Instructions for the task: A verbatim transcript of the data that follows, free of images, is the expected result.

Source data:
*** Block opens ***
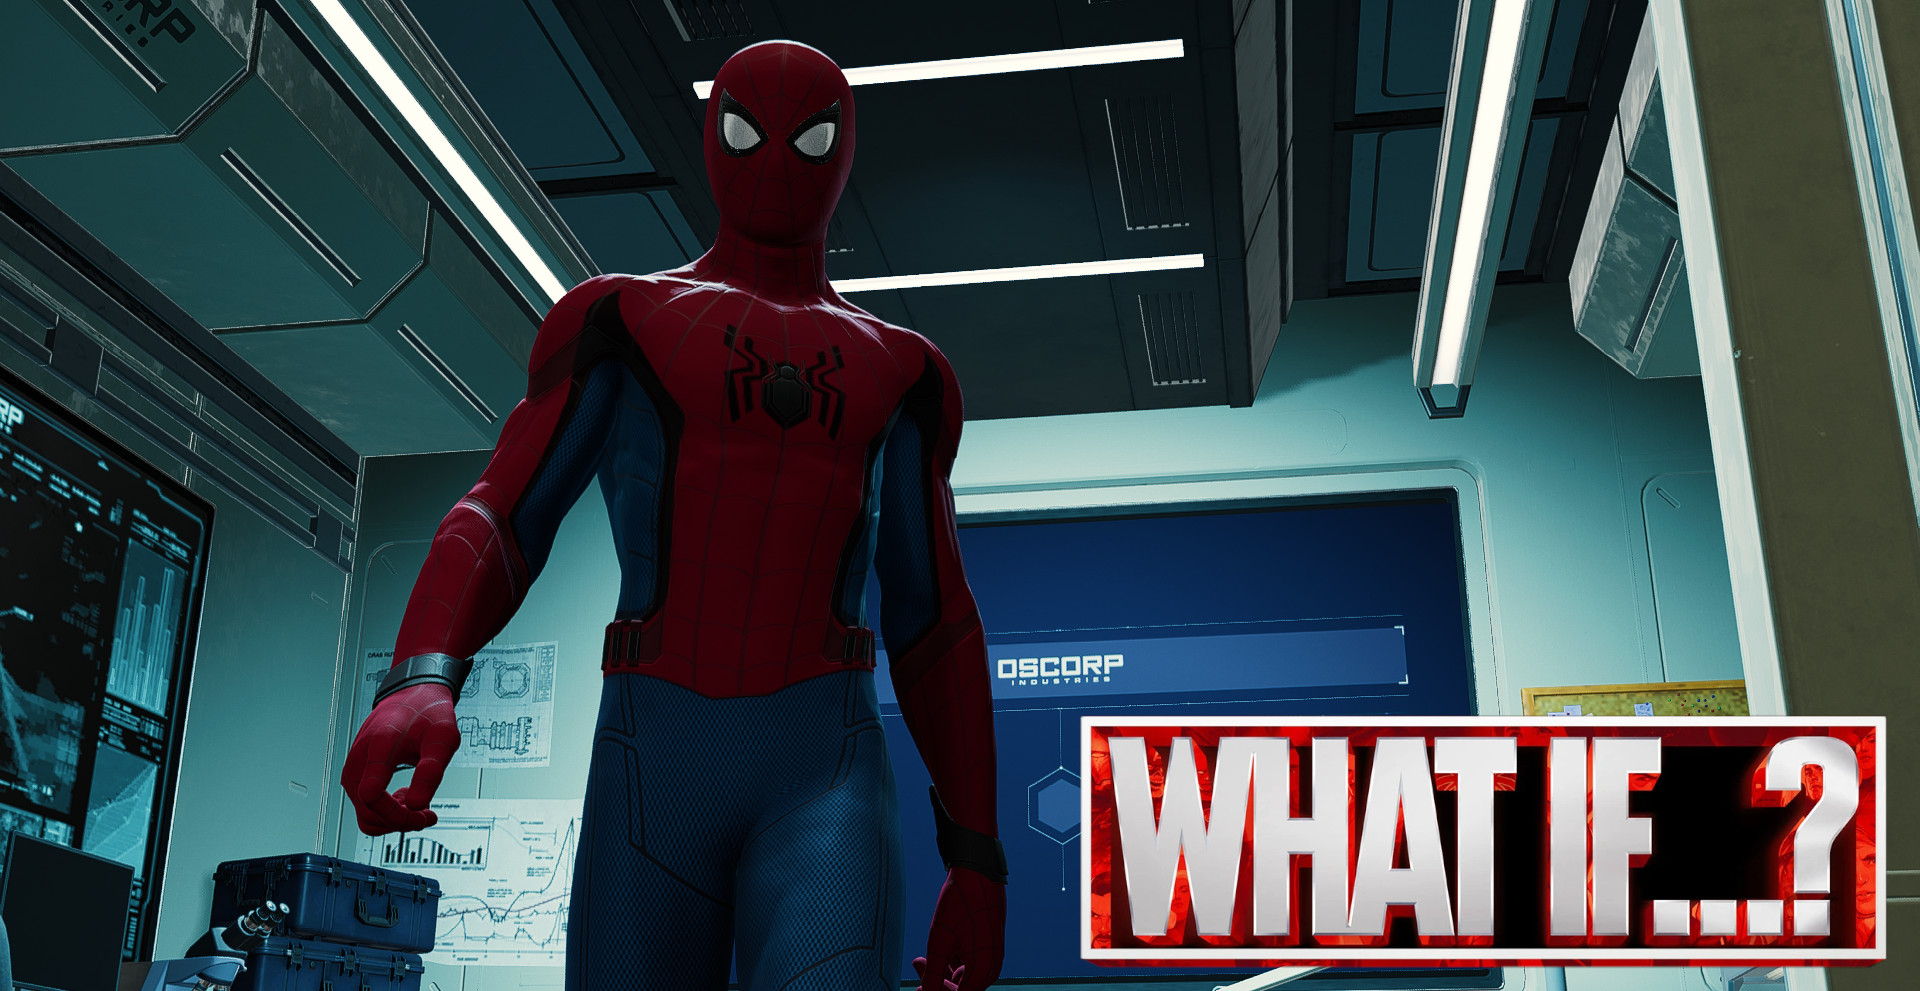 Marvel's Spider-Man on PC Needs One Mod ASAP
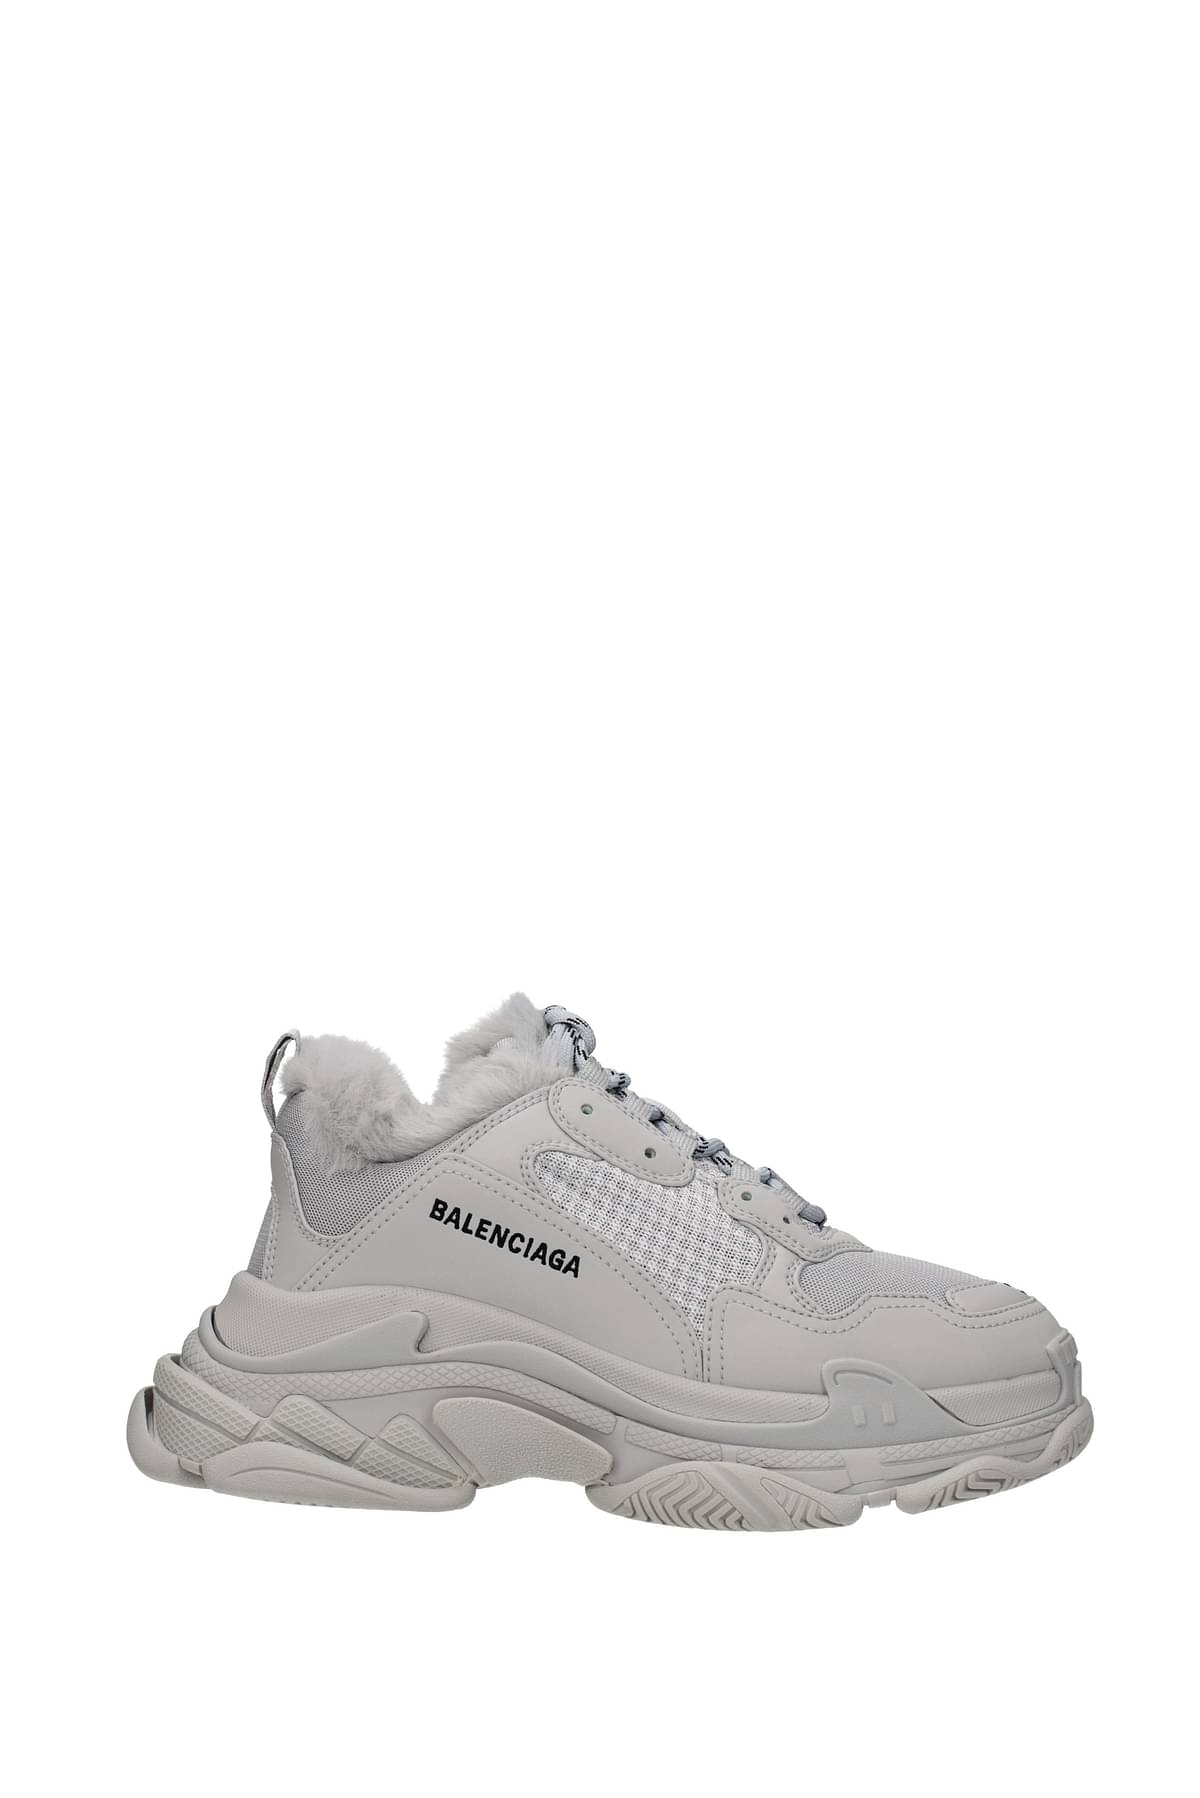 Balenciaga Men's Triple S Sneakers in White, Size UK 7 | End Clothing
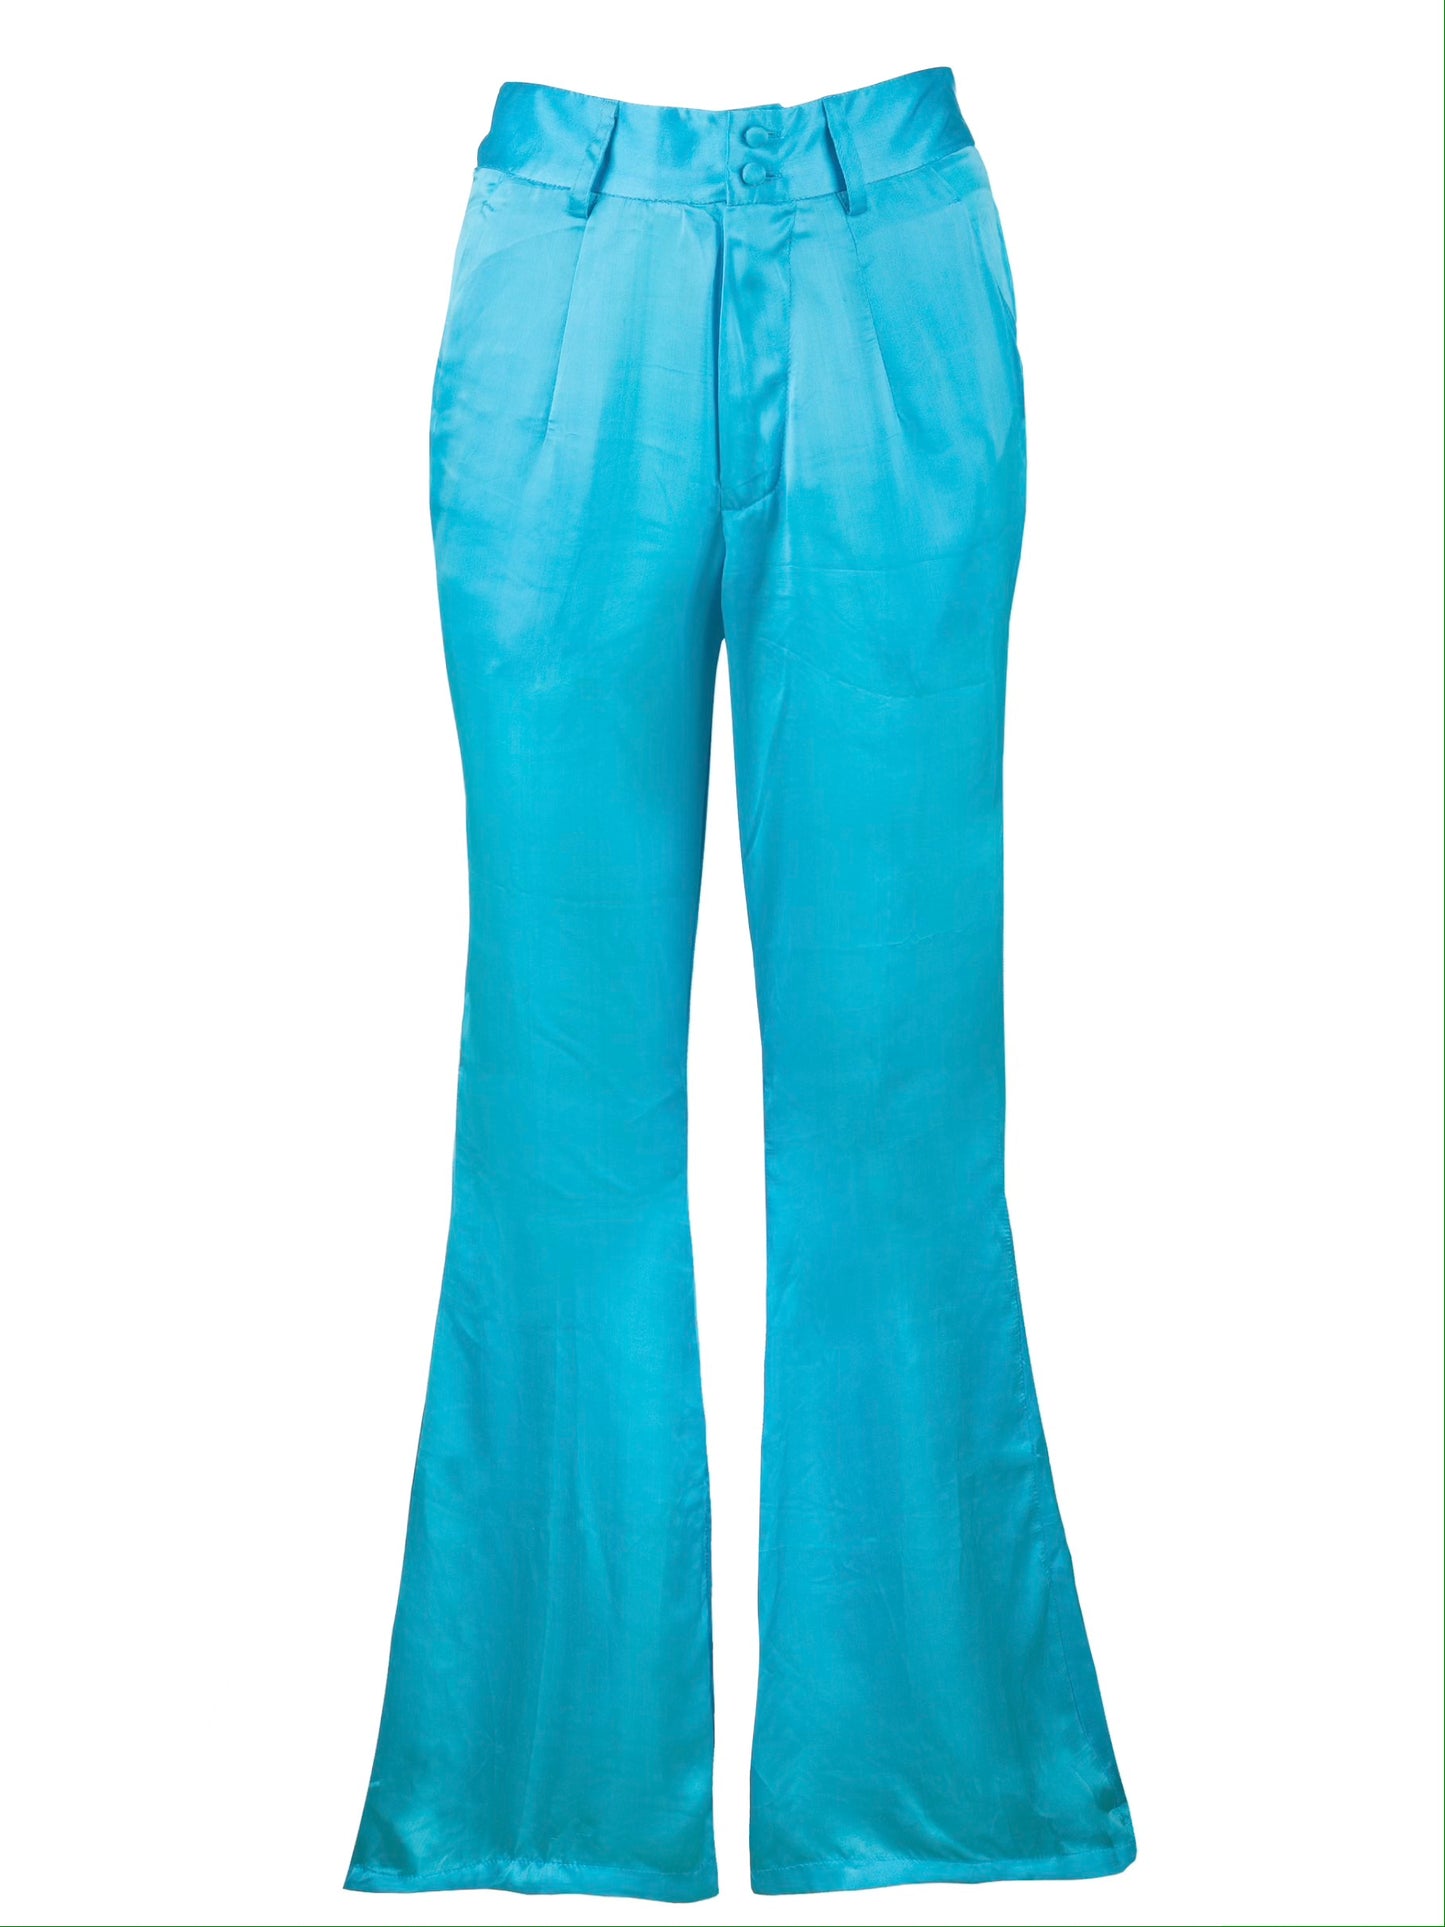 Manhattan pants
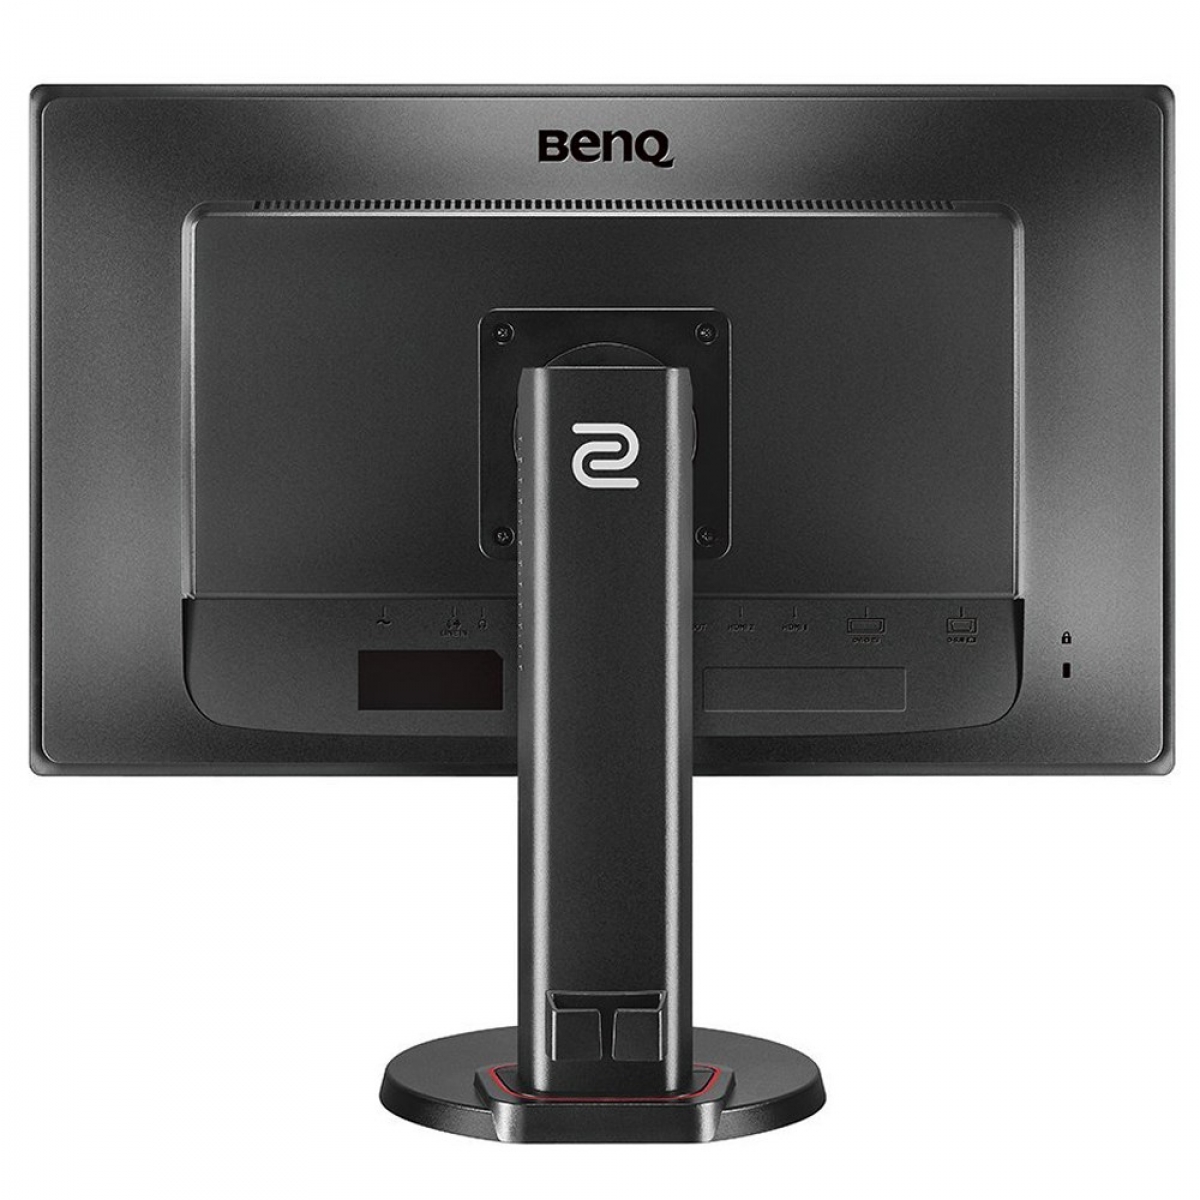 Monitor Benq Zowie 24 Pol, Full HD, 1ms, RL2460
*** Block closes ***
Exercise output:
 Marvel's Spider-Man on PC Needs One Mod ASAP
 Balenciaga Men's Triple S Sneakers in White, Size UK 7 | End Clothing
 Manhattan pants
 Monitor Benq Zowie 24 Pol, Full HD, 1ms, RL2460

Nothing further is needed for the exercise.